LLM Fine Tuning

Mohammed Jassim Jasmin
Mar 18
2 min read

Updated: Mar 25

This is for machine with limited resources

Machine configuration

Processor: Intel Core i5 11400 @2.60 GHz * 12 RKL GT1 OS: Ubuntu 22.04

OS Type: 64 bit

RAM: 32 GiB

1. Choose a Lightweight LLM

Since your machine has limited resources (especially without a dedicated GPU), you should opt for smaller, more efficient models. Some good options include:

GPT-2 (small or medium): A smaller version of OpenAI's GPT-2.
DistilGPT-2: A distilled version of GPT-2, which is smaller and faster.
LLaMA (7B or smaller): Meta's LLaMA models are efficient, but even the 7B parameter model might be challenging to fine-tune on your machine.
GPT-Neo (125M or 350M): Smaller versions of GPT-Neo from EleutherAI.
Alpaca-LoRA: A fine-tuned version of LLaMA using Low-Rank Adaptation (LoRA), which is lightweight and efficient.

2. Install Required Libraries

You'll need Python and some machine learning libraries. Install the following:

pip install torch transformers datasets accelerate

PyTorch: For model training and inference.
Transformers: Hugging Face's library for working with pre-trained models.
Datasets: For loading and preprocessing datasets.
Accelerate: To optimize training for CPU/GPU.

3. Load a Pre-trained Model

You can load a pre-trained model using Hugging Face's transformers library. For example:

from transformers import GPT2LMHeadModel, GPT2Tokenizer

# Load a small GPT-2 model
model_name = "gpt2"  # or "distilgpt2" for a smaller version
model = GPT2LMHeadModel.from_pretrained(model_name)
tokenizer = GPT2Tokenizer.from_pretrained(model_name)

4. Prepare Your Dataset

Fine-tuning requires a dataset in a format the model can understand. You can use Hugging Face's datasets library to load or create a dataset:

from datasets import load_dataset

# Load a dataset (or use your own)
dataset = load_dataset("wikitext", "wikitext-2-raw-v1")  # Example dataset

Tokenize the dataset:

def tokenize_function(examples):
    return tokenizer(examples["text"], padding="max_length", truncation=True)

tokenized_dataset = dataset.map(tokenize_function, batched=True)

5. Fine-Tune the Model

Fine-tuning on a CPU will be slow, but it's possible. Use Hugging Face's Trainer API:

from transformers import Trainer, TrainingArguments

training_args = TrainingArguments(
    output_dir="./results",
    per_device_train_batch_size=1,  # Reduce batch size for CPU
    num_train_epochs=1,  # Start with 1 epoch
    save_steps=10_000,
    save_total_limit=2,
    logging_dir="./logs",
    logging_steps=200,
)

trainer = Trainer(
    model=model,
    args=training_args,
    train_dataset=tokenized_dataset["train"],
    eval_dataset=tokenized_dataset["validation"],
)

trainer.train()

6. Optimise for CPU

You can use the accelerate library to optimise training for CPU:

accelerate config

Follow the prompts to configure your environment for CPU training. Then, use:

accelerate launch your_training_script.py

7. Consider Using LoRA or Adapters

If fine-tuning the entire model is too resource-intensive, consider using Low-Rank Adaptation (LoRA)or Adapters. These techniques allow you to fine-tune only a small part of the model, significantly reducing memory and compute requirements.

8. Monitor Performance

Keep an eye on your system's memory and CPU usage.

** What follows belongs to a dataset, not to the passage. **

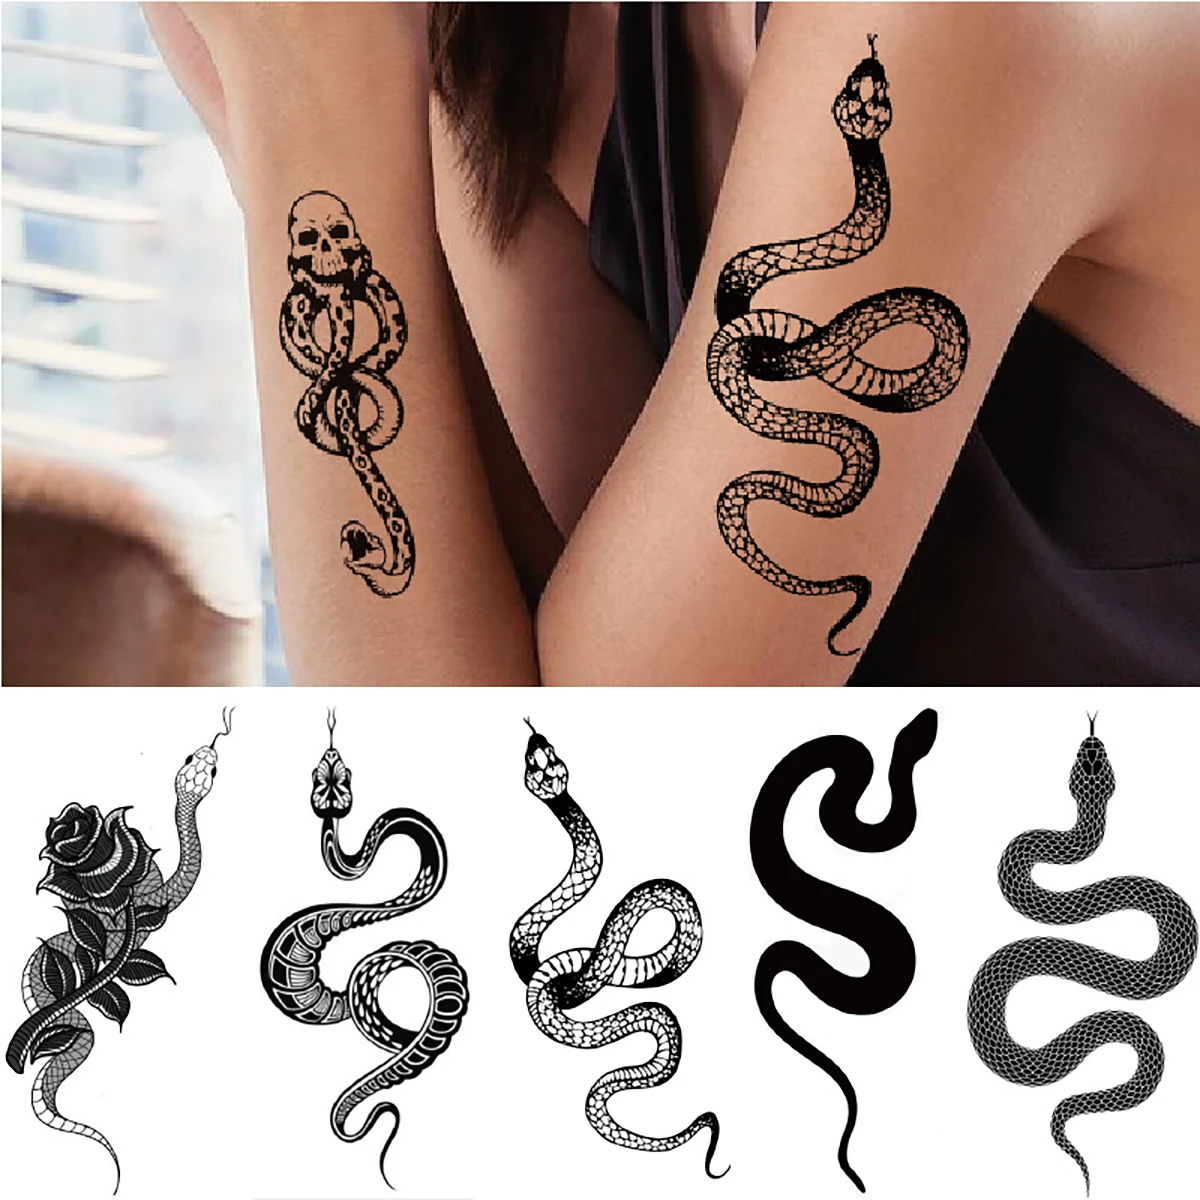 pegatina-de-tatuaje-temporal-de-serpiente-para-hombre-y-mujer-calcomania-impermeable-duradera-imagen-grande-tatuaje-falso-arte-corporal-negro-1-ud

If your machine runs out of RAM, you may need to:

Reduce the batch size.
Use a smaller model.
Use gradient checkpointing (enabled in TrainingArguments with gradient_checkpointing=True).

9. Inference

After fine-tuning, you can use the model for inference:

input_text = "Once upon a time"
input_ids = tokenizer.encode(input_text, return_tensors="pt")
output = model.generate(input_ids, max_length=50)
print(tokenizer.decode(output[0], skip_special_tokens=True))

10. Limitations

Speed: Training on a CPU will be slow. Fine-tuning even a small model like GPT-2 (125M) could take hours or days.
Memory: Your machine has limited RAM, so you may need to use smaller models or techniques like LoRA.
Scalability: For larger models or datasets, consider using cloud services like Google Colab, AWS, or Azure.

Alternative: Use a Pre-trained API

If fine-tuning locally is too resource-intensive, consider using APIs like OpenAI's GPT-3.5/4 or Hugging Face's Inference API, which allow you to fine-tune models in the cloud.